I live in good ole Ohio.


----------



## spearman914 (Feb 9, 2009)

xRevengEx said:


> I live in good ole Ohio.



 for some reason my link auto changed. http://www.newegg.com/Product/Product.aspx?Item=N82E16835185049 This one. Here to buy. http://www.frozencpu.com/products/6096/fan-317/Scythe_Kama_120mm_PWM_Fan_DFS122512L-PWM.html


----------



## AsRock (Feb 10, 2009)

spearman914 said:


> for some reason my link auto changed. http://www.newegg.com/Product/Product.aspx?Item=N82E16835185049 This one. Here to buy. http://www.frozencpu.com/products/6096/fan-317/Scythe_Kama_120mm_PWM_Fan_DFS122512L-PWM.html



HEHE  i was thinking WTF it's not deactivated.
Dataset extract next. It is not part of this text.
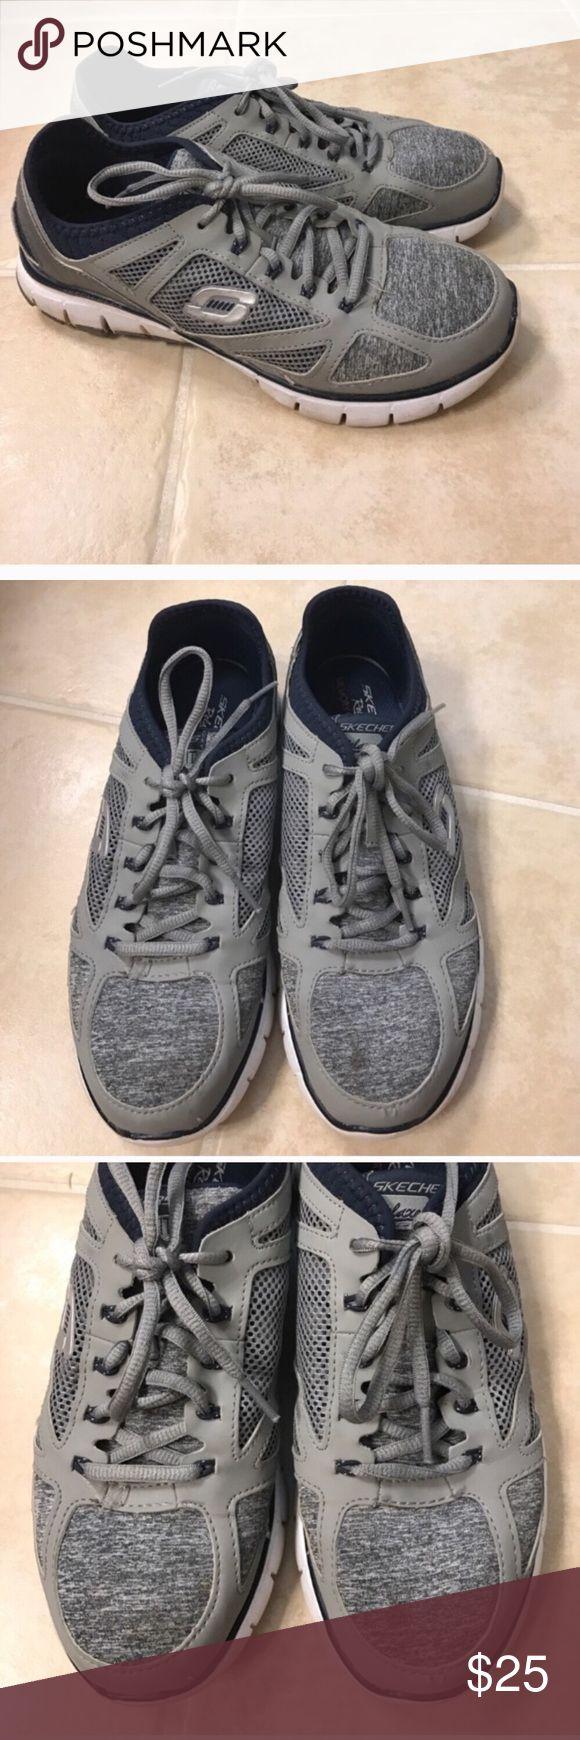 Size 8.5 grey Skechers memory foam sneakers Size 8.5 grey Skechers memory foam sneakers Skechers Shoes Sneakers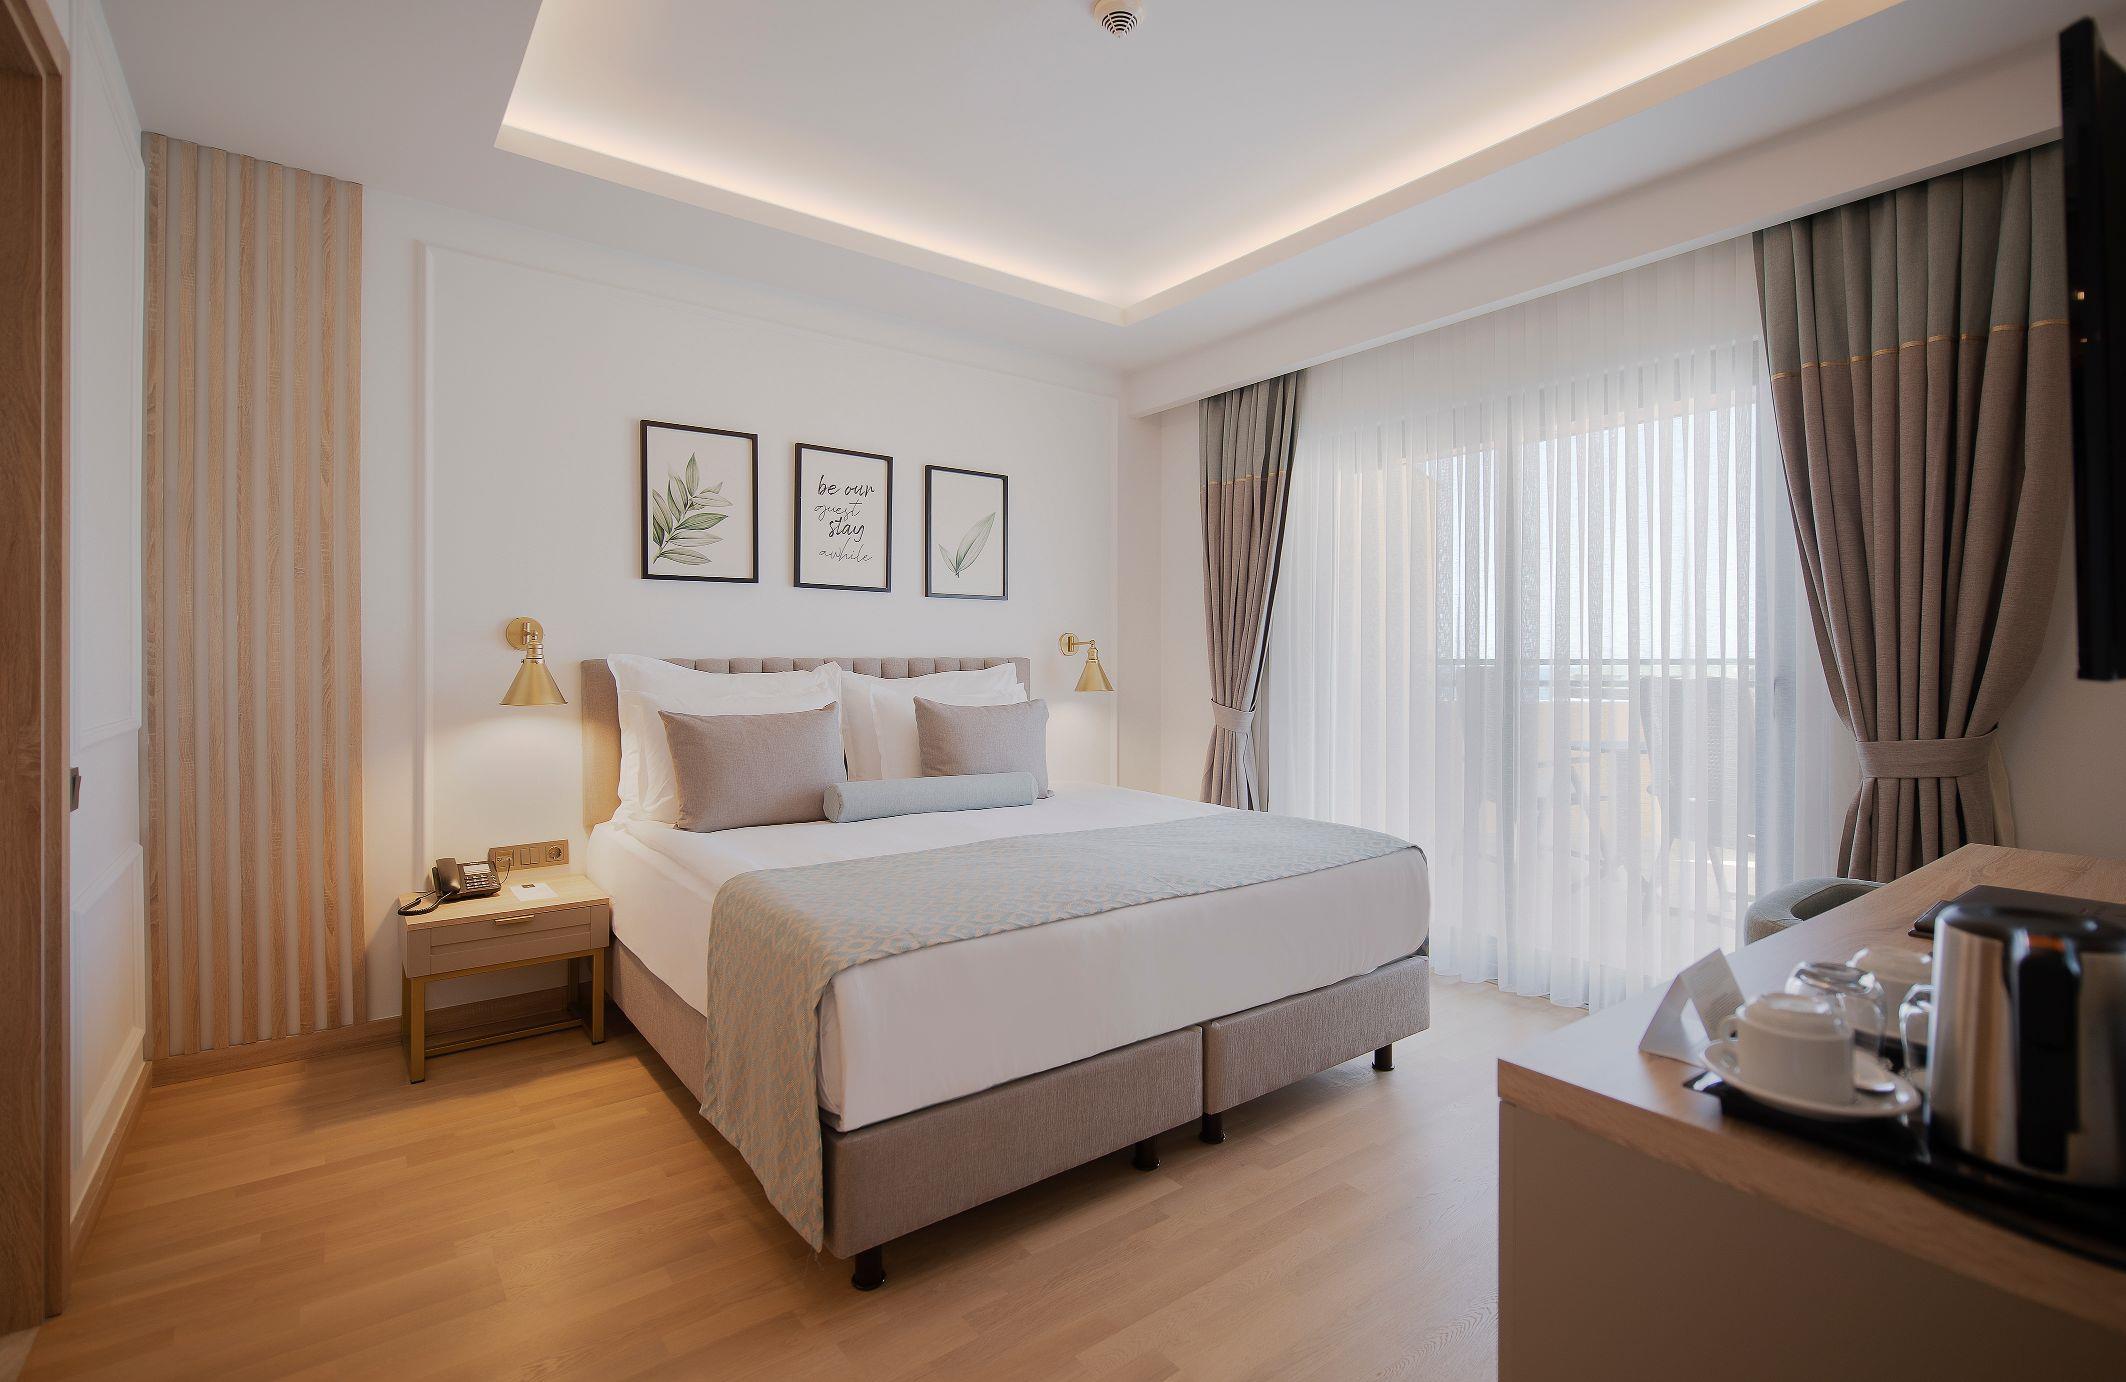 http://www.orextravel.sk/OREX/hotelphotos/miramare-queen-hotel-general-0031.jpg

Although that one you posted court my eye however i do like the larger motors on fans as the tend to last longer.


----------



## Marineborn (Feb 10, 2009)

DELTAS!!! 220cFM!!! ENTER THE WINDTUNNEL!!! *screamz*


----------



## nafets (Feb 10, 2009)

+1 for the previously mentioned Scythe S-FLEX series fans. Very good quality. They may be more expensive than other cheaper options out there, but are worth every penny. 

Currently using undervolted SFF21F's for my CPU heatsink and case exhaust...


----------



## Castiel (Feb 10, 2009)

Scythe Slipstream


----------



## bldegle2 (Mar 4, 2009)

another vote for S-Flex....have three 74CFM's going right now, one on each Freezone and another on the Rad, gonna replace the 120mm in the PS with a 68CFM S-Flex unit to get rid of some more noise....

definately worth consideration.....and they move a good amount of air rather silently...

laterzzzz.................


----------